→ What is being asked
The answer must be the full data, restated word for word, with no pictures in it.

→ Data shown
+ + + +
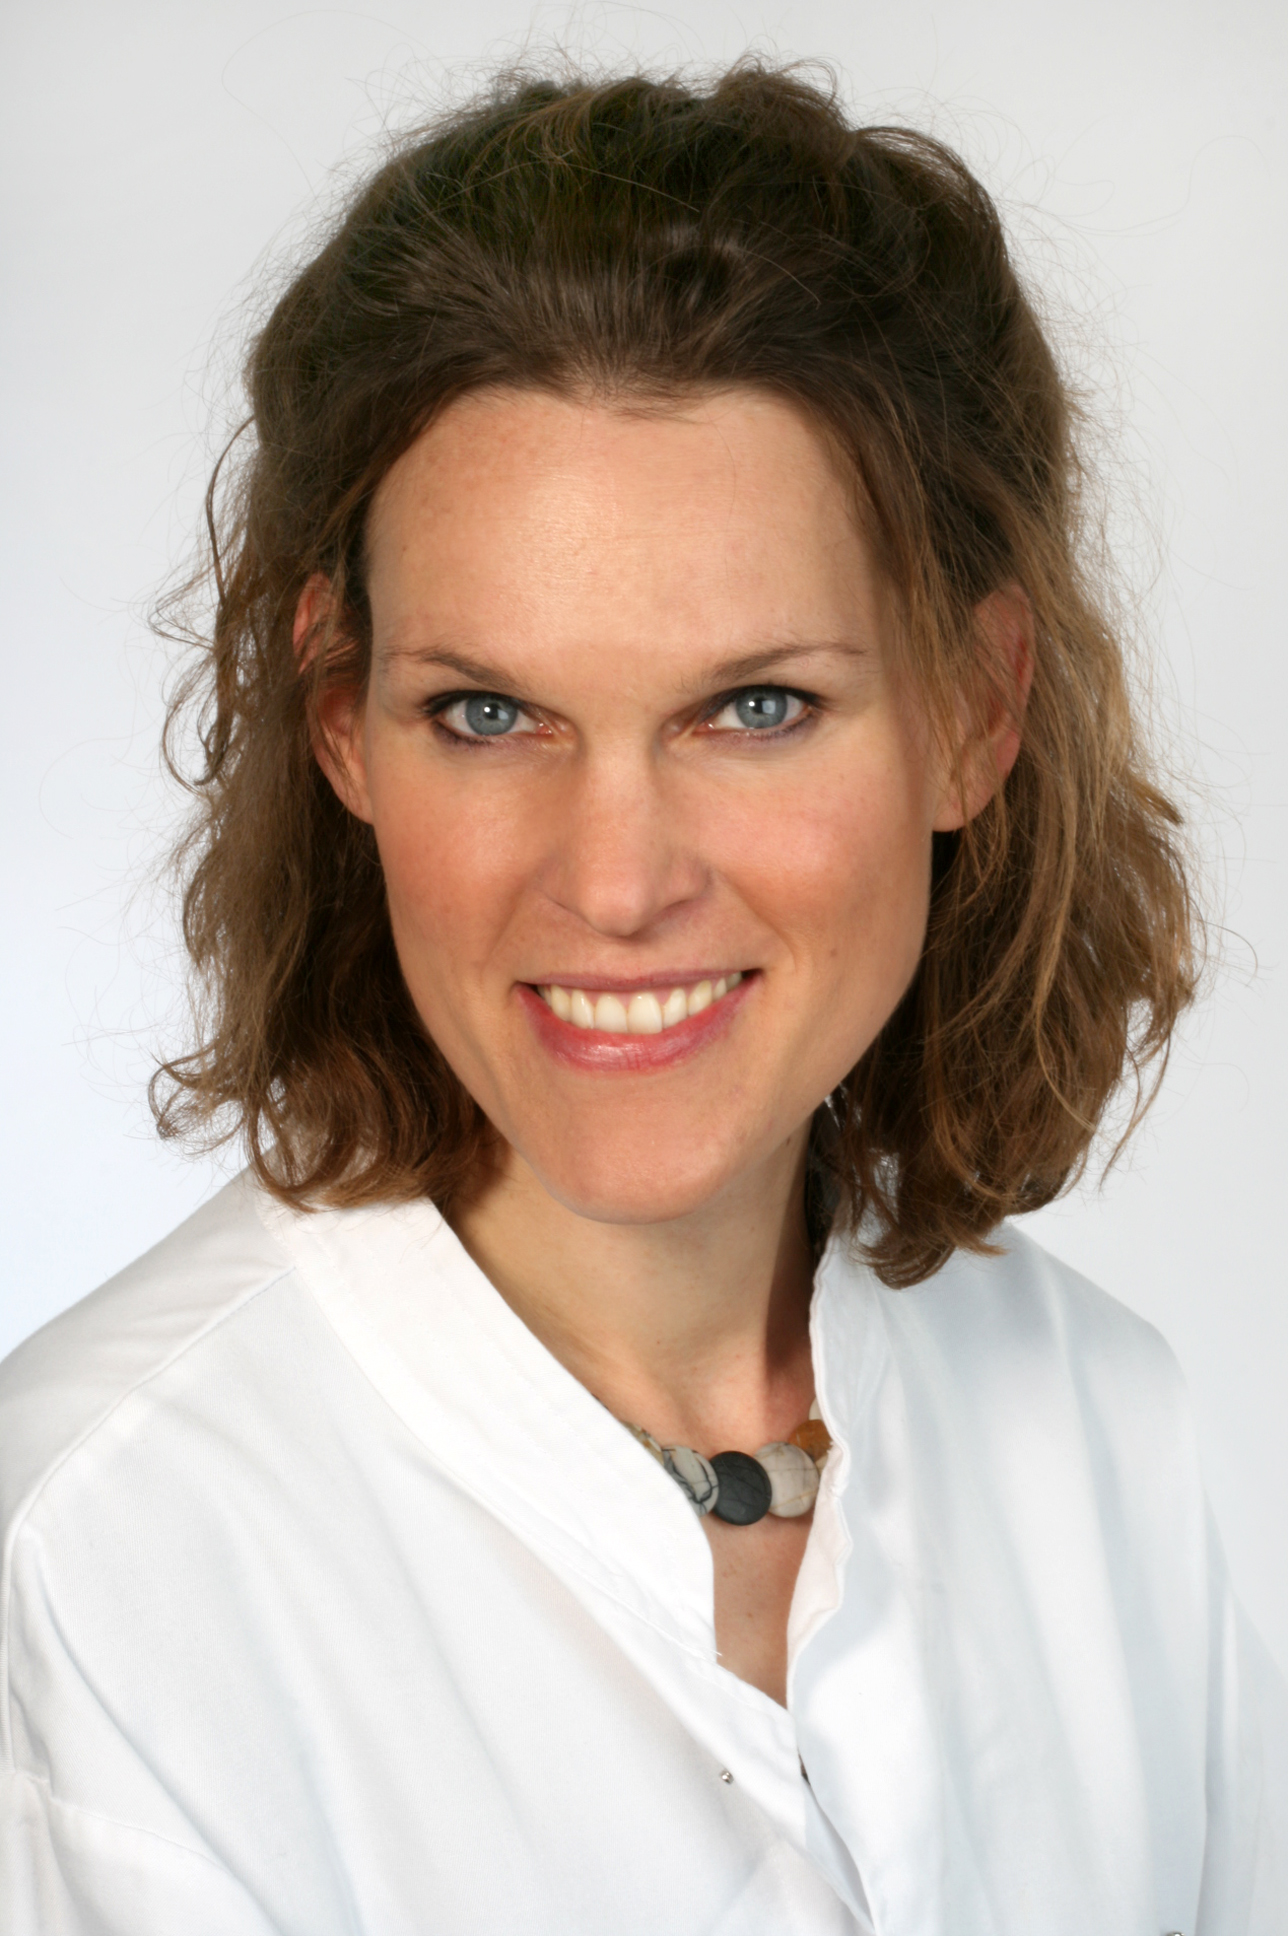 Photo of Dr. Andrea Forschner, Dr. Andrea Forschner, head of the melanoma outpatient clinic at the University Hospital of Tübingen Dermatology Department 
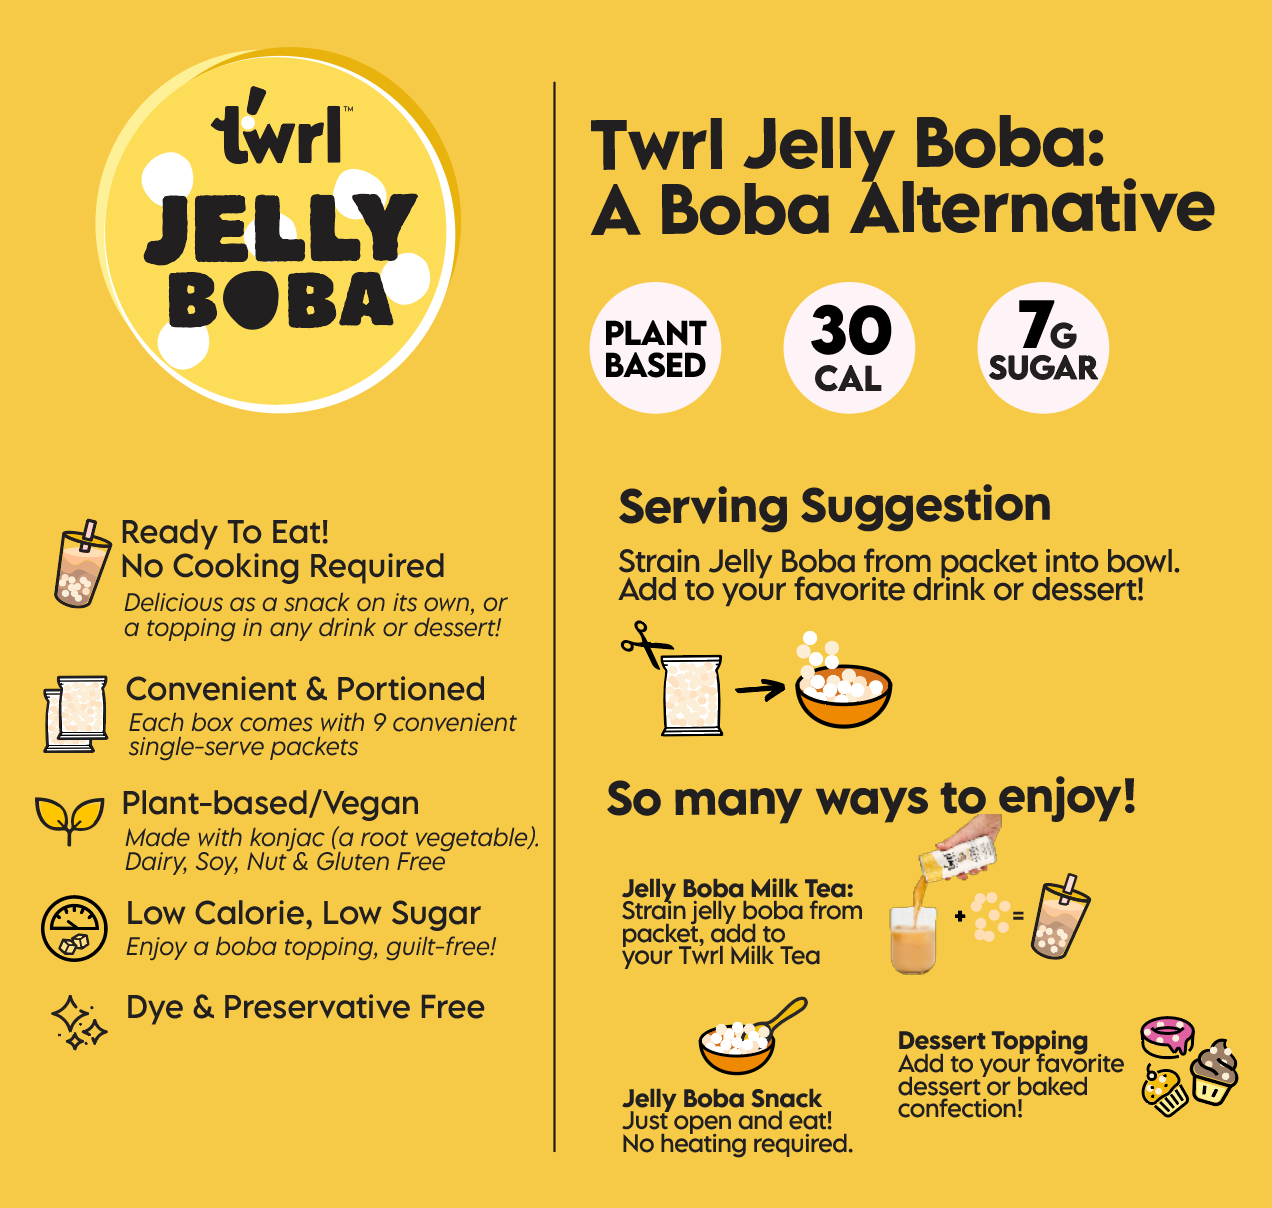 Bubble tea calories infographic - pretty useful stuff for those
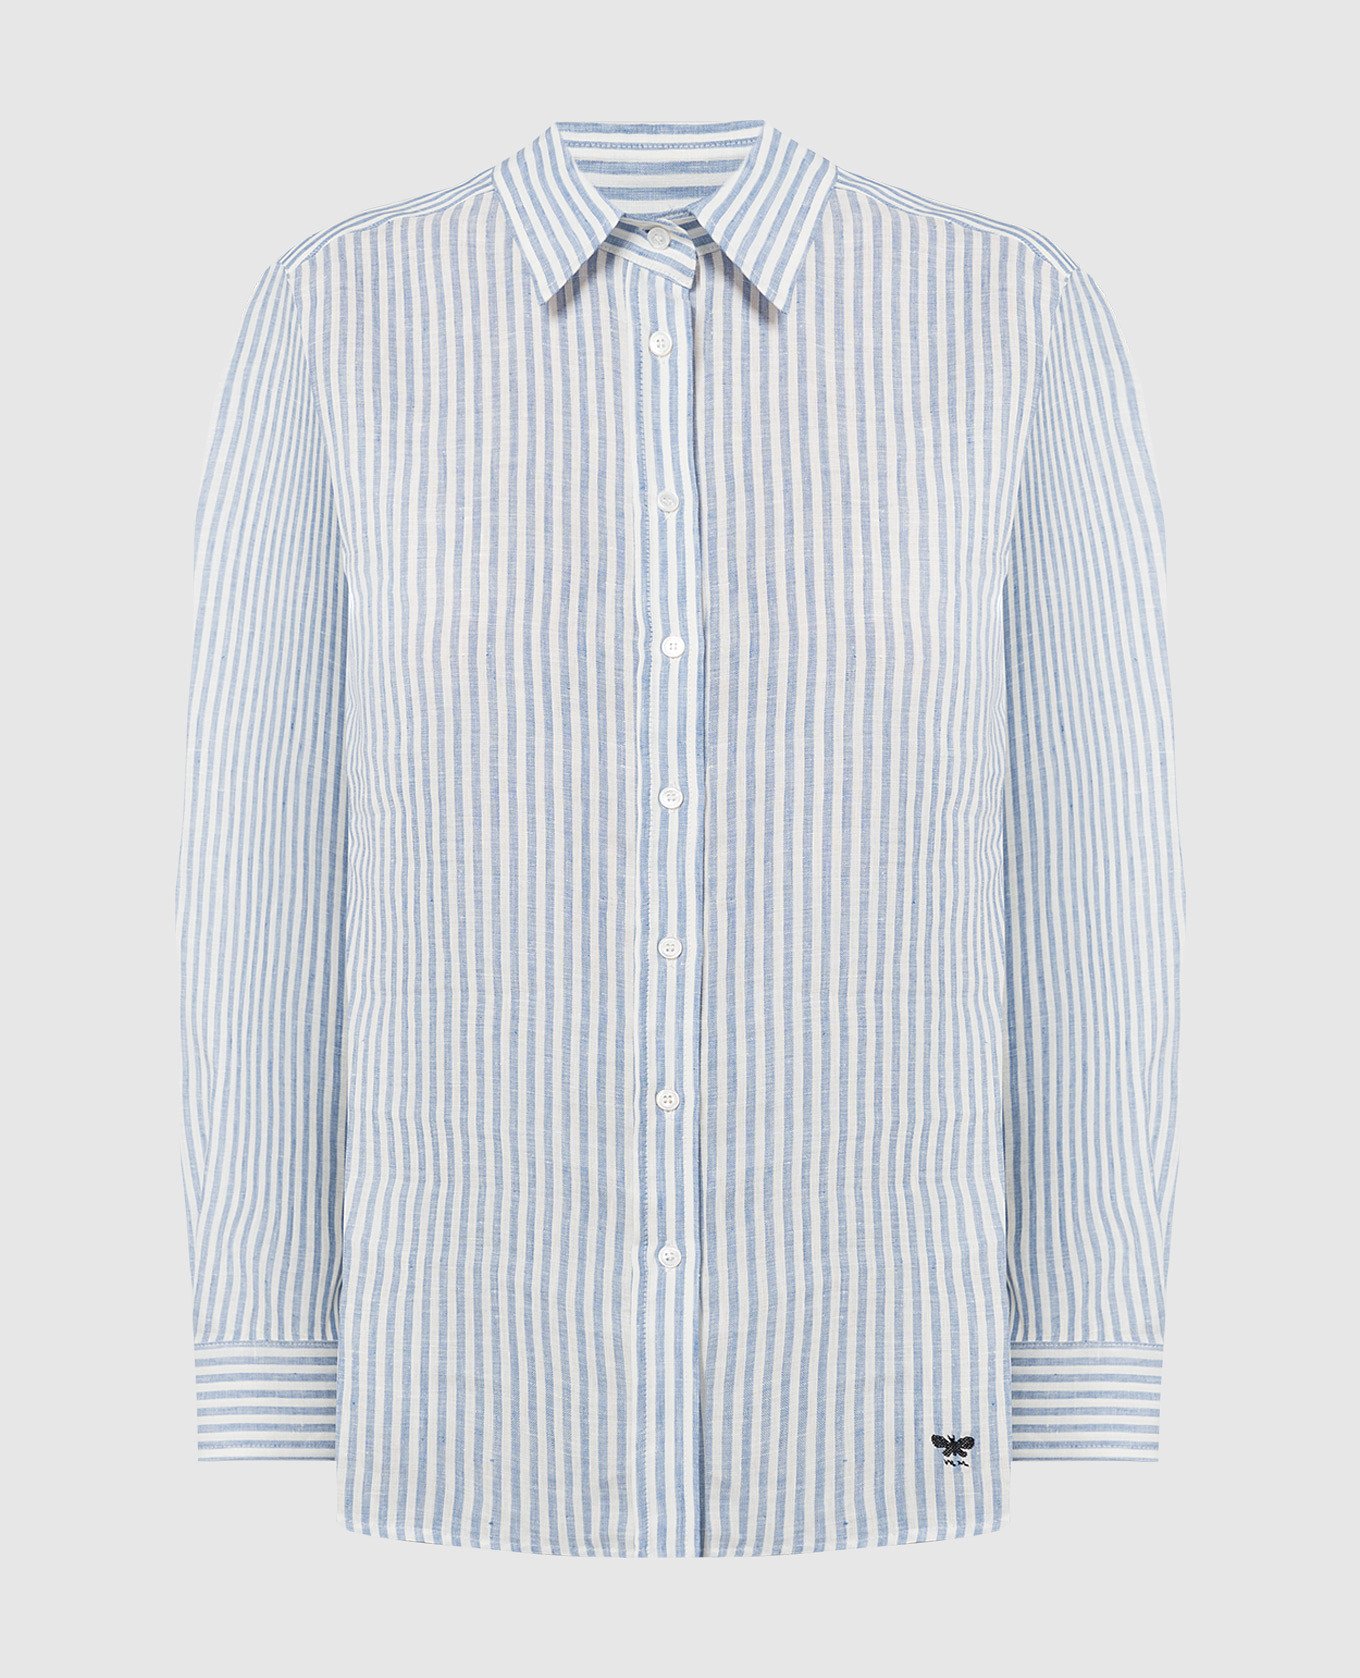 LARI blue striped linen shirt
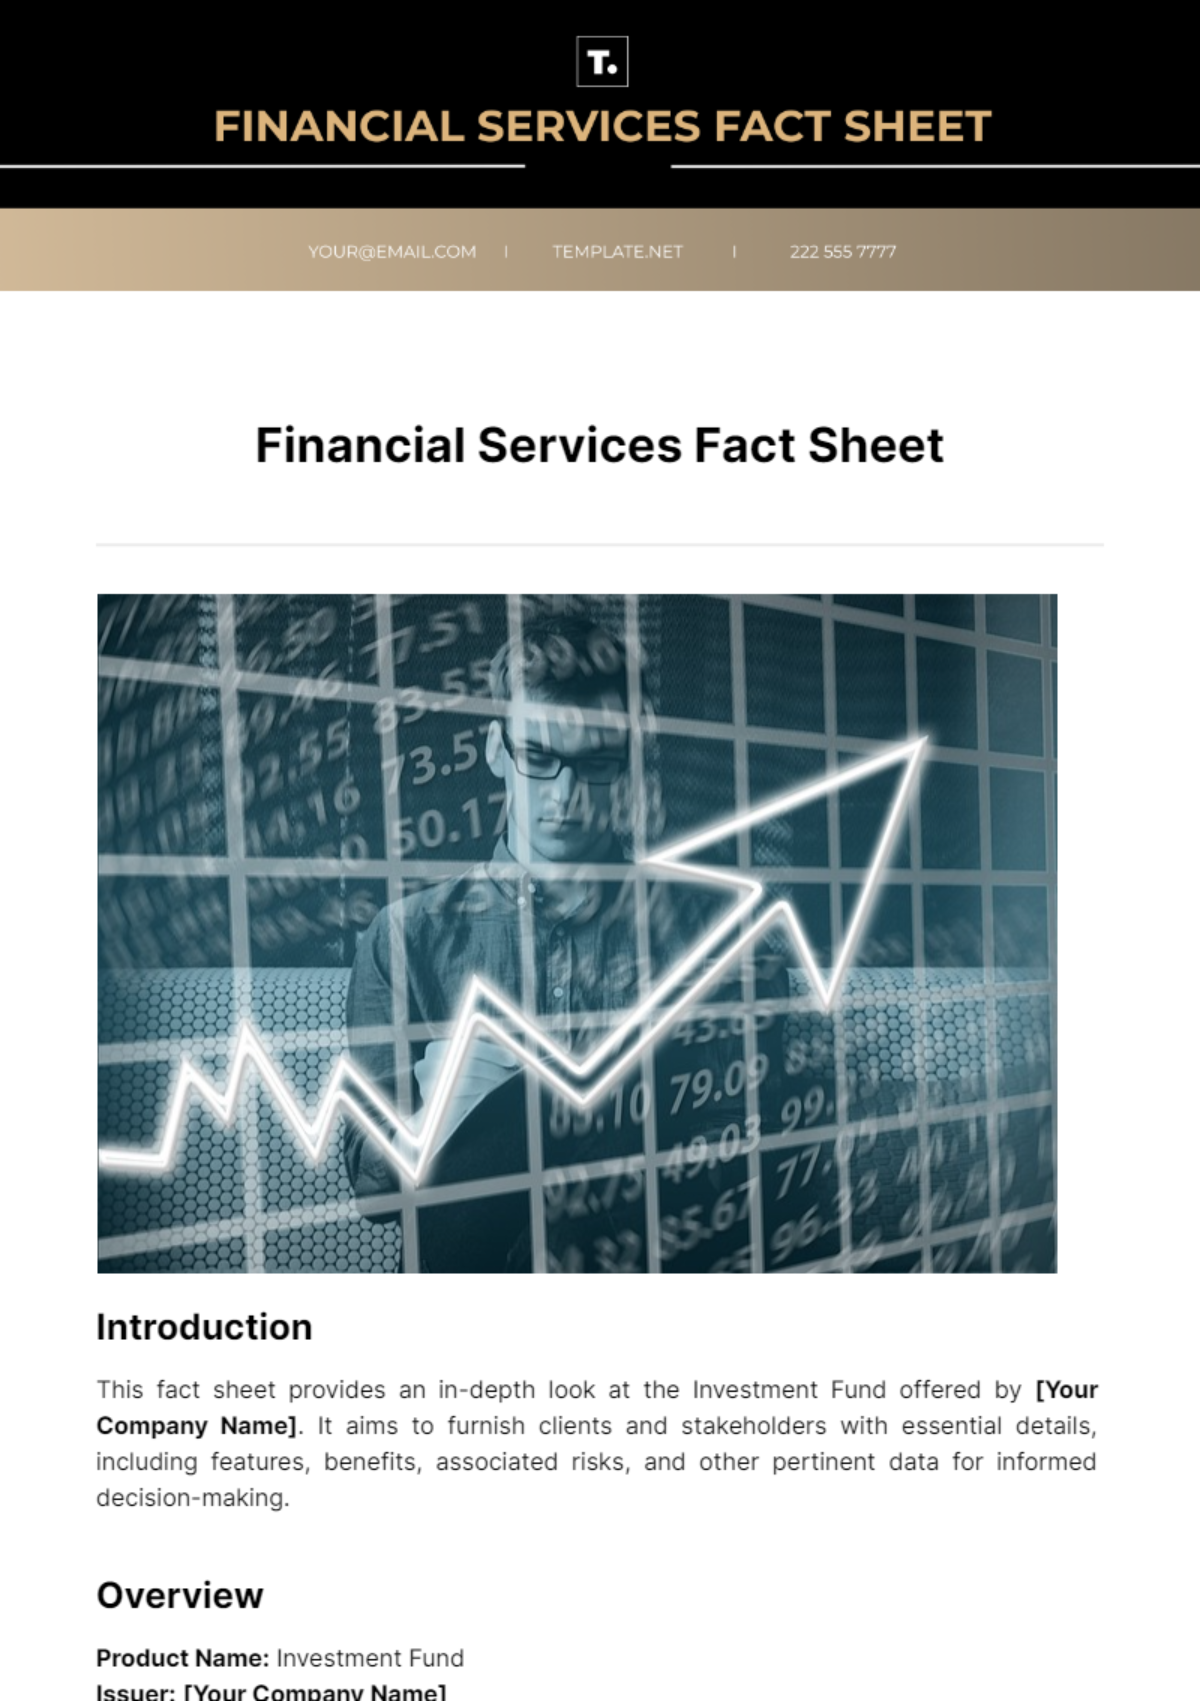 Financial Services Fact Sheet Template
+ + + +
→ Result for this exercise
 Photo of Dr. Andrea Forschner, Dr. Andrea Forschner, head of the melanoma outpatient clinic at the University Hospital of Tübingen Dermatology Department 
 Bubble tea calories infographic - pretty useful stuff for those
 LARI blue striped linen shirt
 Financial Services Fact Sheet Template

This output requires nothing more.